Всю дорогу после Красноярска Муравьевы только и говорили что о сплаве по Амуру. Для себя выбирали, как будут плыть и на чем - на плоту, на лодке или пароходе. Катрин казалось, что на плоту будет интересней и, наверное, романтичней, но муж напомнил ей, как разбился плот с англичанами, и как Вагранов спасал их из ледяной весенней воды - поэтому плот как средство передвижения отпал навсегда. Они даже поспорили, сколько времени будут плыть - скорее или дольше, чем по Лене. Николай Николаевич считал, что дольше, хотя бы потому, что на Амуре, в отличие от Лены, нет лоцманов, и поэтому задержки будут неизбежны.
Отдельно обсудили, извещать китайцев о сплаве или нет.
С одной стороны, власти сопредельного государства должны быть в курсе, что творится на пограничной реке, и высказать свое мнение о происходящем. С другой - Амур еще не был определен как река пограничная. И даже его низовья, фактически уже принадлежащие России, не были никак закреплены.
- Пока что он до Уссури как бы ничейный, - говорил генерал, вместе с Екатериной Николаевной подпрыгивая на ковровых сиденьях, когда колеса экипажа попадали на ухаб или в рытвину. Последние до Иркутска 500 верст они уже двигались не на полозьях, а в большой карете, которую, неприятно морщась, называли рыдваном. И дорога была - не приведи господи! - но приходилось терпеть и беречь зубы и язык, особенно во время разговора. - Китайцы же полтораста лет назад проплыли по нему и по Шилке до самого Нерчинска, никого не спрашивая, хотя никаких прав на то не имели. Русские казаки - Поярков, Хабаров - первыми по Амуру прошли, следовательно, по всем канонам, река должна быть наша!
- Мне кажется, дорогой, - заметила Екатерина Николаевна, - с вопросом "кто первый" надо быть поосторожней. Я читала, что внук Чингисхана, Хубилай, стал первым императором всего Китая и владел землями до Байкала и Сахалина. И это было шестьсот лет назад, а не двести, когда на Амуре появились русские казаки. А Римской империи вообще принадлежало полмира, но ведь нынешний Рим на него не претендует. Ты себя называешь наследником Пояркова и Хабарова, и это так, но в переговорах с китайцами об этом, по-моему, лучше умолчать. Все меняется. Когда-то китайцы ушли с Амура, они, наверное, и сами не помнят, почему, и все в этих землях о них забыли. Потом пришли и ушли русские…

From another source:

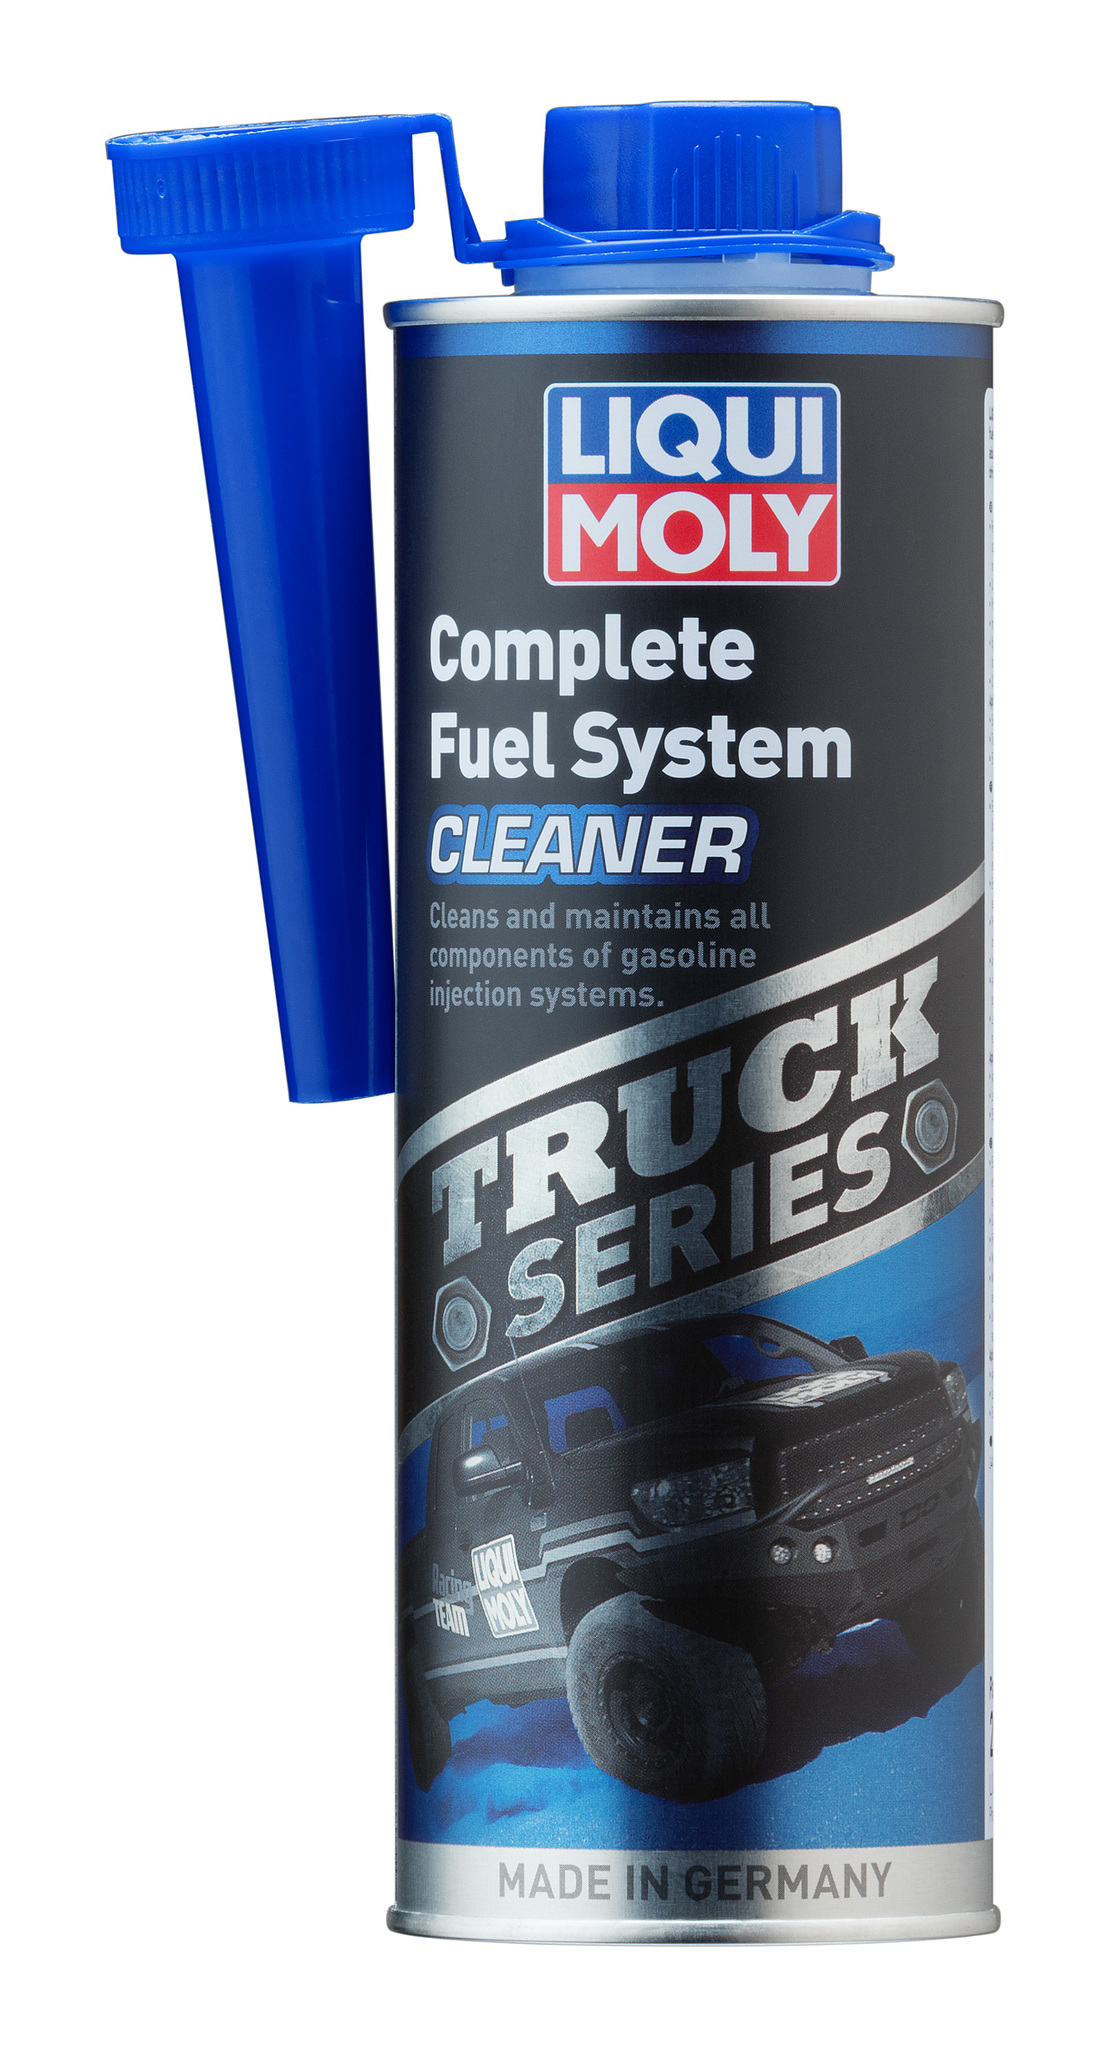 Liqui Moly Truck Series Complete Fuel System Cleaner Очиститель бензиновых систем внедорожников и пикапов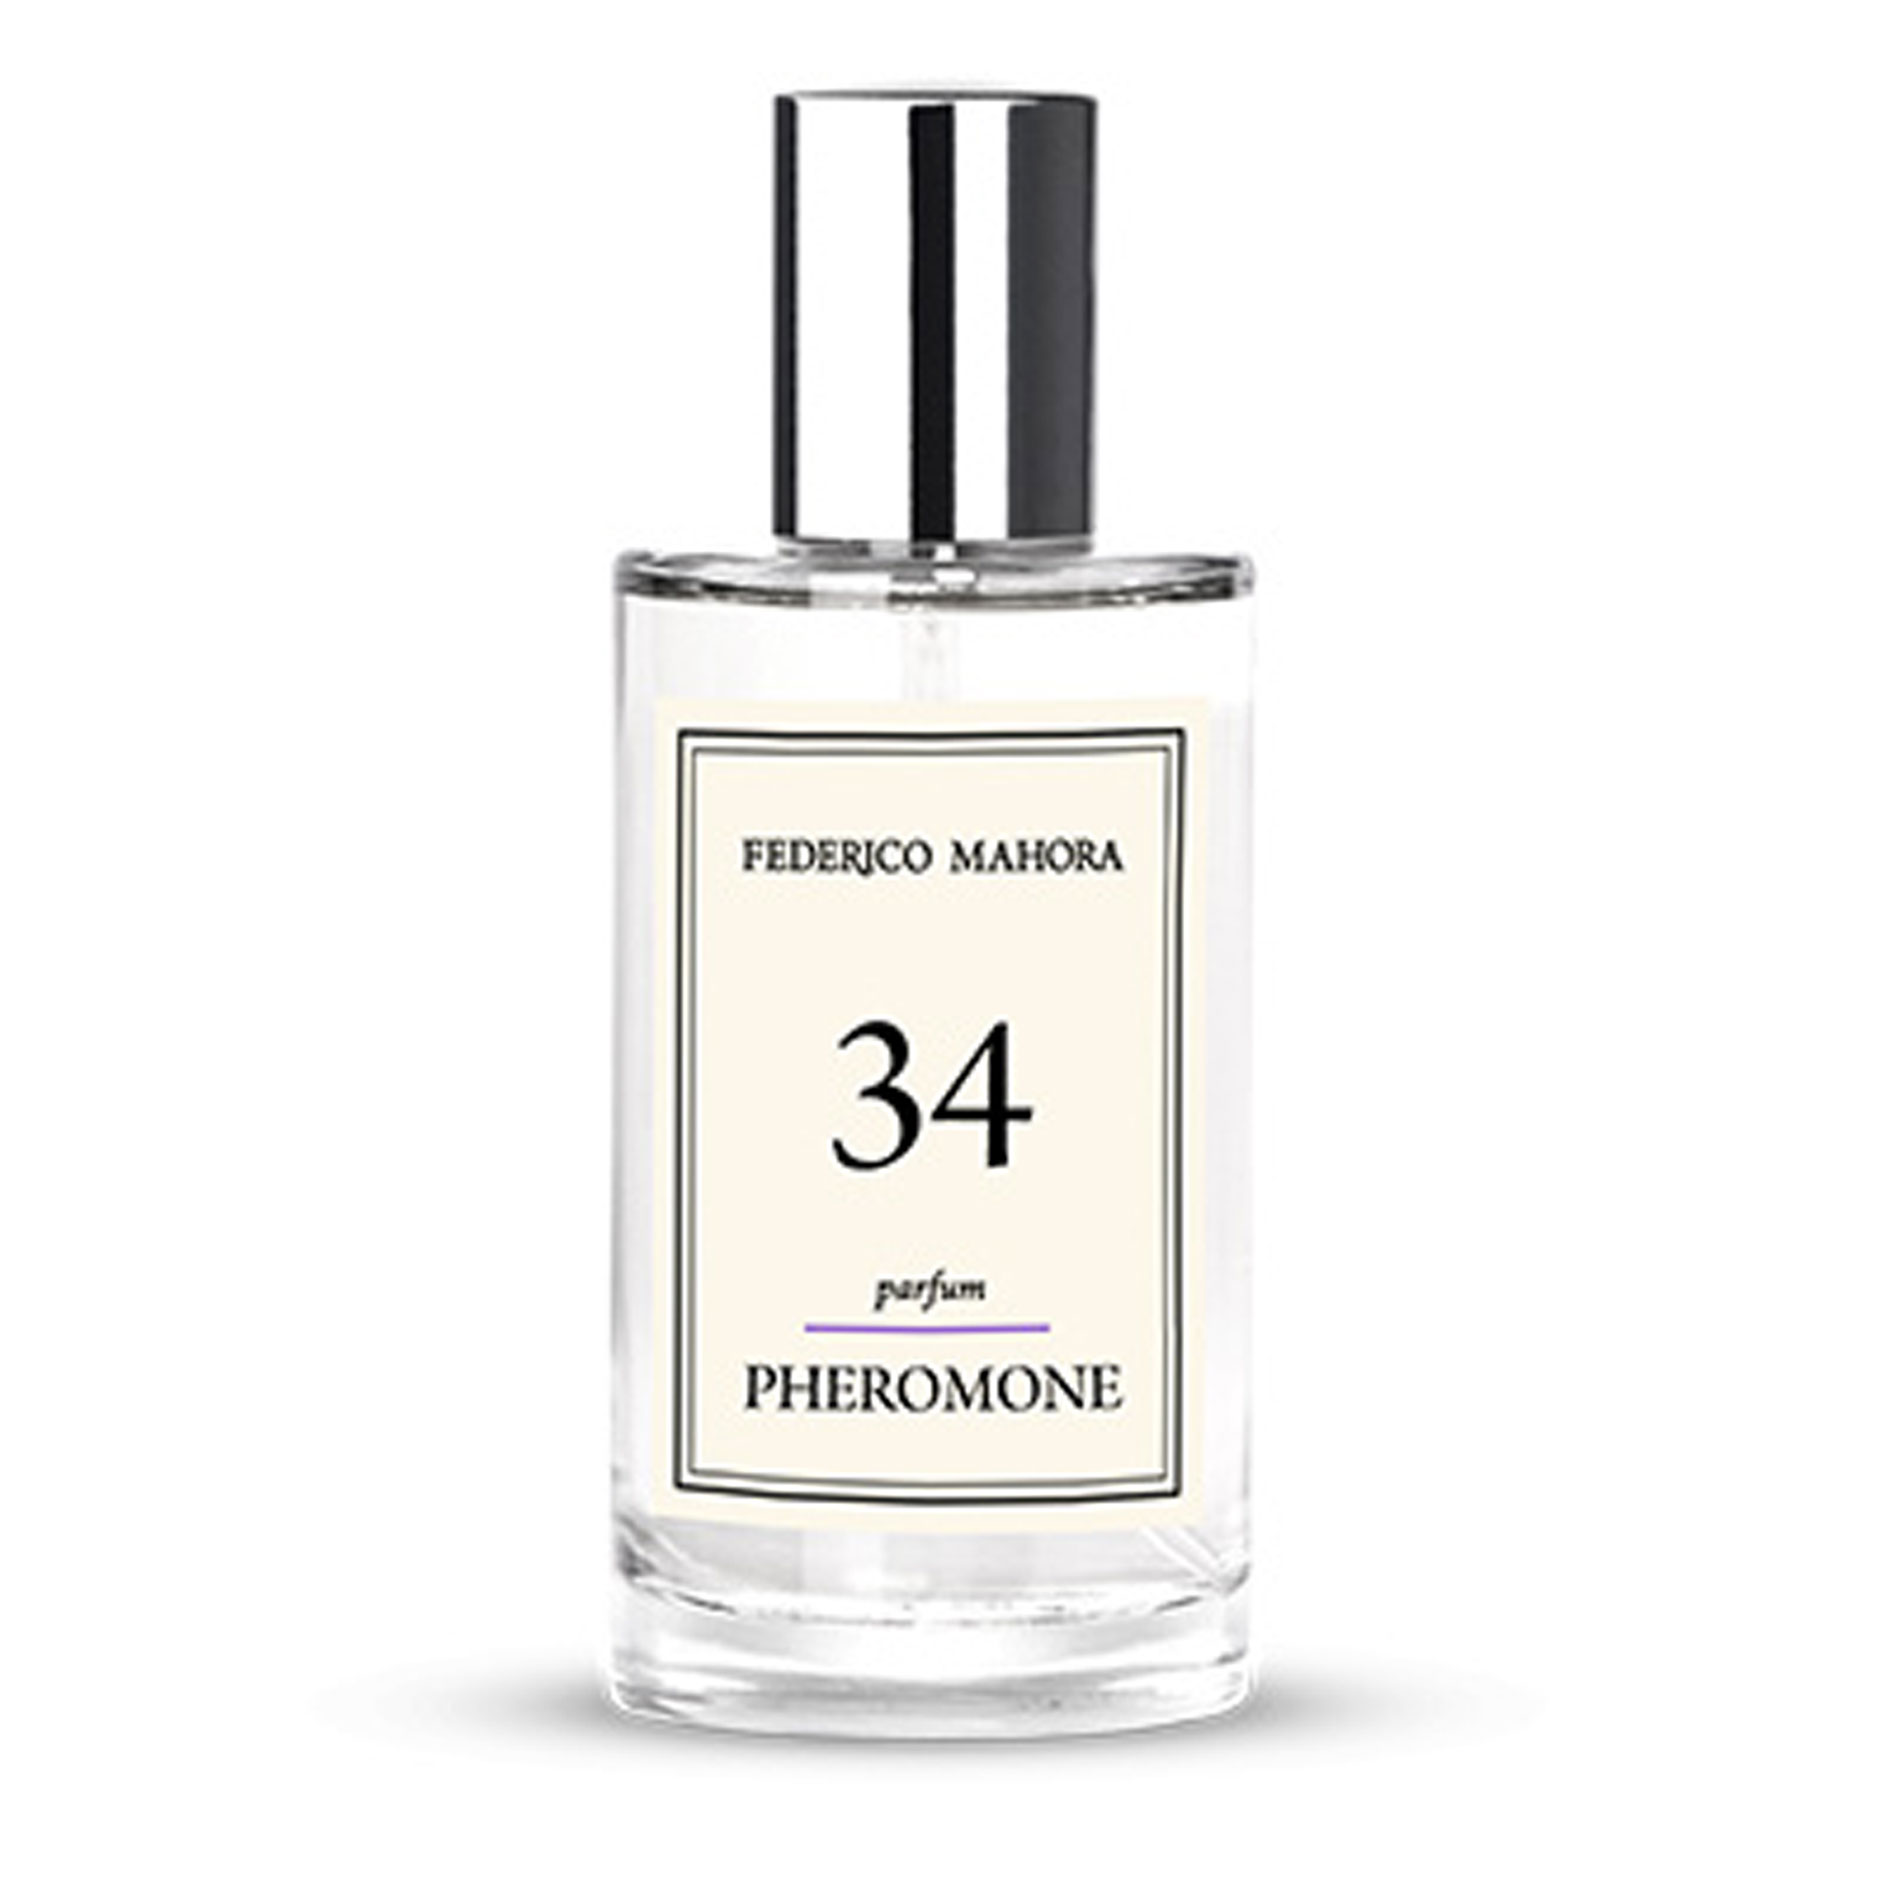 PURE 034 Parfum Pheromone Federico Mahora

- Не сами ушли - силой заставили, - мрачно сказал генерал.
- Китайцев, может быть, тоже кто-то силой заставил, мы же этого не знаем, - возразила Екатерина Николаевна. - Главное: со временем все меняется, в том числе и границы государств. Вон в Европе как все изменилось за каких-то сто-двести лет, и никто не требует вернуть все назад. Тебе надо договориться о границах, которых требует новое время. Выгодных и для России, и для Китая. Чтобы в будущем не было оснований для войны.
Слова Катрин заставили Муравьева глубоко задуматься.
Путешествие в рыдване не прошло для Екатерины Николаевны бесследно. Поначалу по возвращении в Иркутск она чувствовала себя неплохо, а спустя несколько дней серьезно занемогла. Врачи уложили ее в постель, и после осмотра Штубендорф приватно сказал Муравьеву, что об участии Екатерины Николаевны в сплаве не может быть и речи. Путь неизвестный, что предстоит перенести - тоже: вдруг там зараза какая гуляет?
Известие об этом Катрин перенесла стоически - с одним лишь глубоким вздохом разочарования. Гораздо больше, по крайней мере, внешне, ее огорчила невозможность быть в Иркутском кафедральном соборе на молебне в "царский день" 17 апреля, день рождения государя наследника Александра Николаевича, и пасхальной заутрени, которую совершили сразу три архиепископа. Так получилось, что в Иркутске одновременно собрались Нил, которого назначили в Ярославскую епархию (не без содействия генерал-губернатора), Афанасий, прибывший на его место, и Иннокентий, святитель Америки и Сибири, приехавший обсудить с Муравьевым свое участие в сплаве, во исполнение давнишней идеи нести православную веру на Амур. С этой целью год назад он отправил своего сына, священника Гавриила, в Николаевский пост, а теперь и сам устремился на новые земли.